Plot parameter uncertainty

Or if you want to check the posterior parameter distribution:

def find_min_max(spot_setup):
    randompar=spot_setup.parameters()['random']        
    for i in range(1000):
        randompar=np.column_stack((randompar,spot_setup.parameters()['random']))
    return np.amin(randompar,axis=1),np.amax(randompar,axis=1)

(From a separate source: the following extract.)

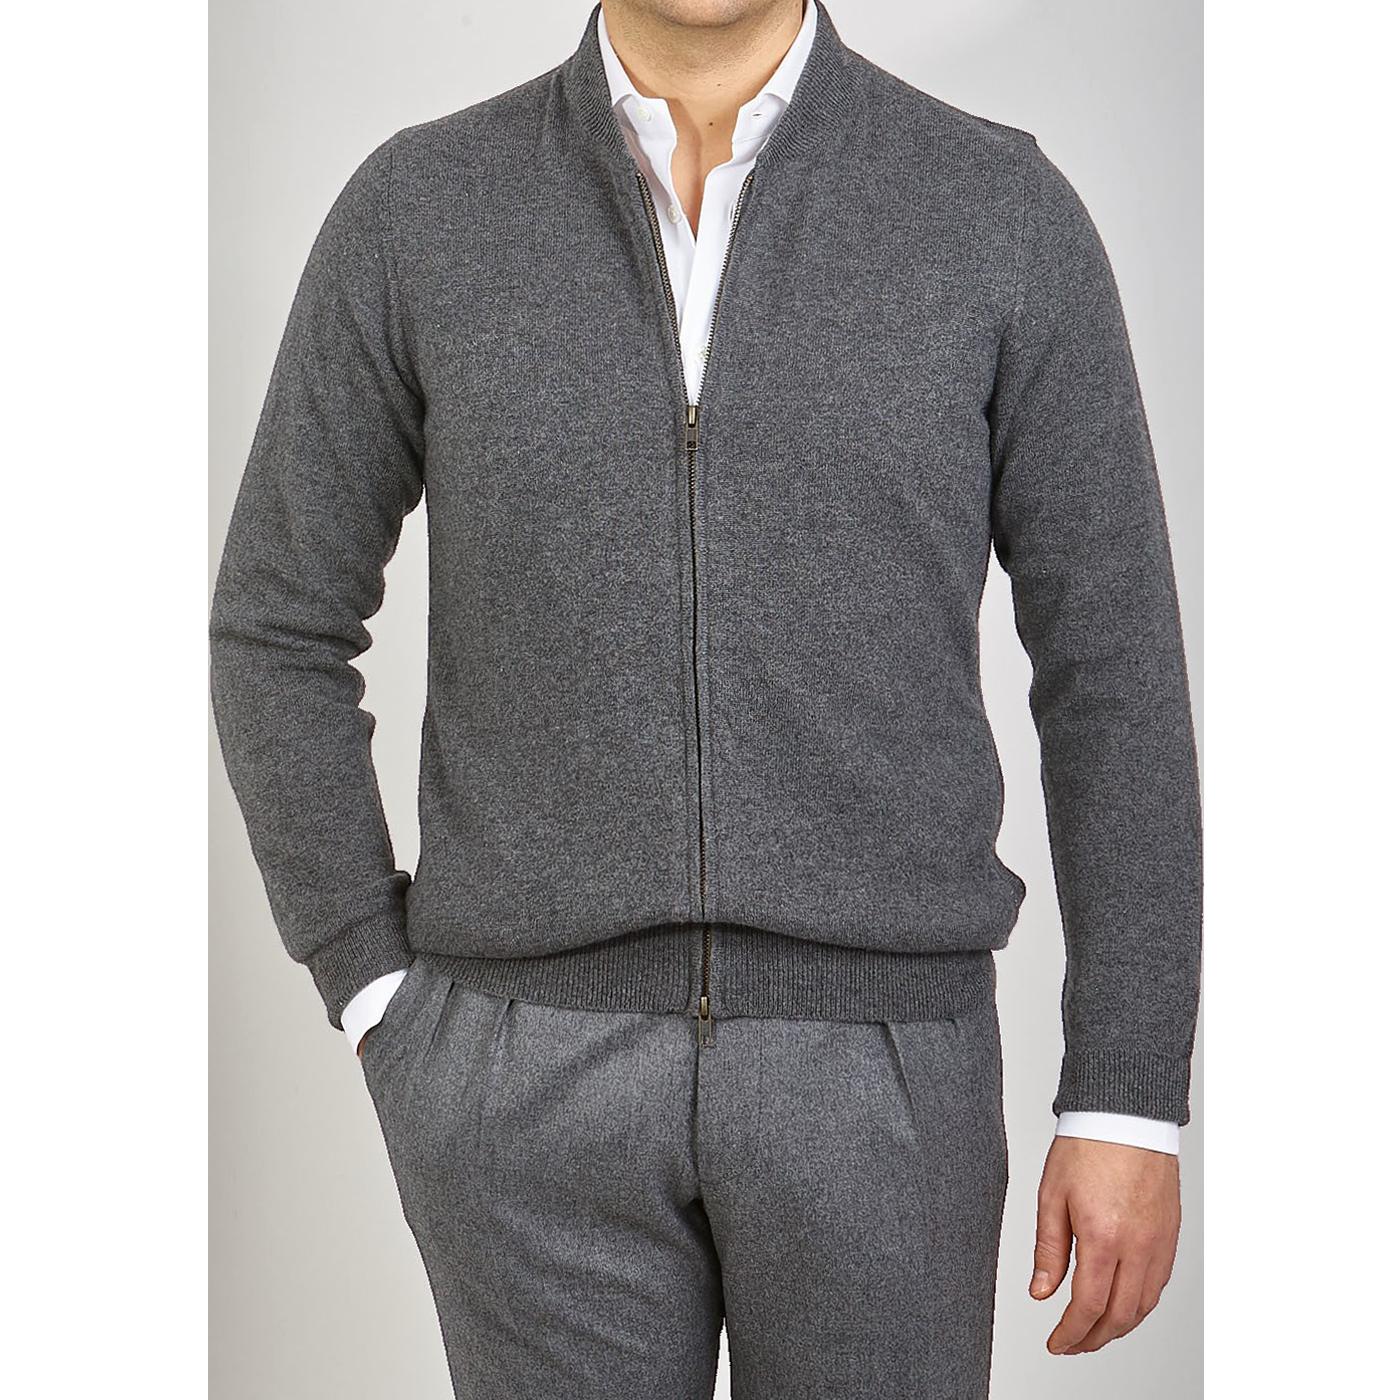 Davida Dark Grey Cashmere Plain Knit Zip Cardigan Front

min_vs,max_vs = find_min_max(spot_setup)

fig= plt.figure(figsize=(16,16))
plt.subplot(5,2,1)
x = results['par'+spot_setup.parameters()['name'][0]]
for i in range(int(max(results['chain']))):
    index=np.where(results['chain']==i)
    plt.plot(x[index],'.')
plt.ylabel('x1')
plt.ylim(min_vs[0],max_vs[0])


plt.subplot(5,2,2)
x = results['par'+spot_setup.parameters()['name'][0]][int(len(results)*0.5):]
normed_value = 1
hist, bins = np.histogram(x, bins=20, density=True)
widths = np.diff(bins)
hist *= normed_value
plt.bar(bins[:-1], hist, widths)
plt.ylabel('x1')
plt.xlim(min_vs[0],max_vs[0])



plt.subplot(5,2,3)
x = results['par'+spot_setup.parameters()['name'][1]]
for i in range(int(max(results['chain']))):
    index=np.where(results['chain']==i)
    plt.plot(x[index],'.')
plt.ylabel('x2')
plt.ylim(min_vs[1],max_vs[1])

plt.subplot(5,2,4)
x = results['par'+spot_setup.parameters()['name'][1]][int(len(results)*0.5):]
normed_value = 1
hist, bins = np.histogram(x, bins=20, density=True)
widths = np.diff(bins)
hist *= normed_value
plt.bar(bins[:-1], hist, widths)
plt.ylabel('x2')
plt.xlim(min_vs[1],max_vs[1])



plt.subplot(5,2,5)
x = results['par'+spot_setup.parameters()['name'][2]]
for i in range(int(max(results['chain']))):
    index=np.where(results['chain']==i)
    plt.plot(x[index],'.')
plt.ylabel('x3')
plt.ylim(min_vs[2],max_vs[2])


plt.subplot(5,2,6)
x = results['par'+spot_setup.parameters()['name'][2]][int(len(results)*0.5):]
normed_value = 1
hist, bins = np.histogram(x, bins=20, density=True)
widths = np.diff(bins)
hist *= normed_value
plt.bar(bins[:-1], hist, widths)
plt.ylabel('x3')
plt.xlim(min_vs[2],max_vs[2])


plt.subplot(5,2,7)
x = results['par'+spot_setup.parameters()['name'][3]]
for i in range(int(max(results['chain']))):
    index=np.where(results['chain']==i)
    plt.plot(x[index],'.')
plt.ylabel('x4')
plt.ylim(min_vs[3],max_vs[3])


plt.subplot(5,2,8)
x = results['par'+spot_setup.parameters()['name'][3]][int(len(results)*0.5):]
normed_value = 1
hist, bins = np.histogram(x, bins=20, density=True)
widths = np.diff(bins)
hist *= normed_value
plt.bar(bins[:-1], hist, widths)
plt.ylabel('x4')
plt.xlim(min_vs[3],max_vs[3])


plt.subplot(5,2,9)
x = results['par'+spot_setup.parameters()['name'][4]]
for i in range(int(max(results['chain']))):
    index=np.where(results['chain']==i)
    plt.plot(x[index],'.')
plt.ylabel('x5')
plt.ylim(min_vs[4],max_vs[4])
plt.xlabel('Iterations')

plt.subplot(5,2,10)
x = results['par'+spot_setup.parameters()['name'][4]][int(len(results)*0.5):]
normed_value = 1
hist, bins = np.histogram(x, bins=20, density=True)
widths = np.diff(bins)
hist *= normed_value
plt.bar(bins[:-1], hist, widths)
plt.ylabel('x5')
plt.xlabel('Parameter range')
plt.xlim(min_vs[4],max_vs[4])
fig.savefig('python_parameters.png',dpi=300)

Parameter distribution

Figure 3: Posterior parameter distribution of HYMOD.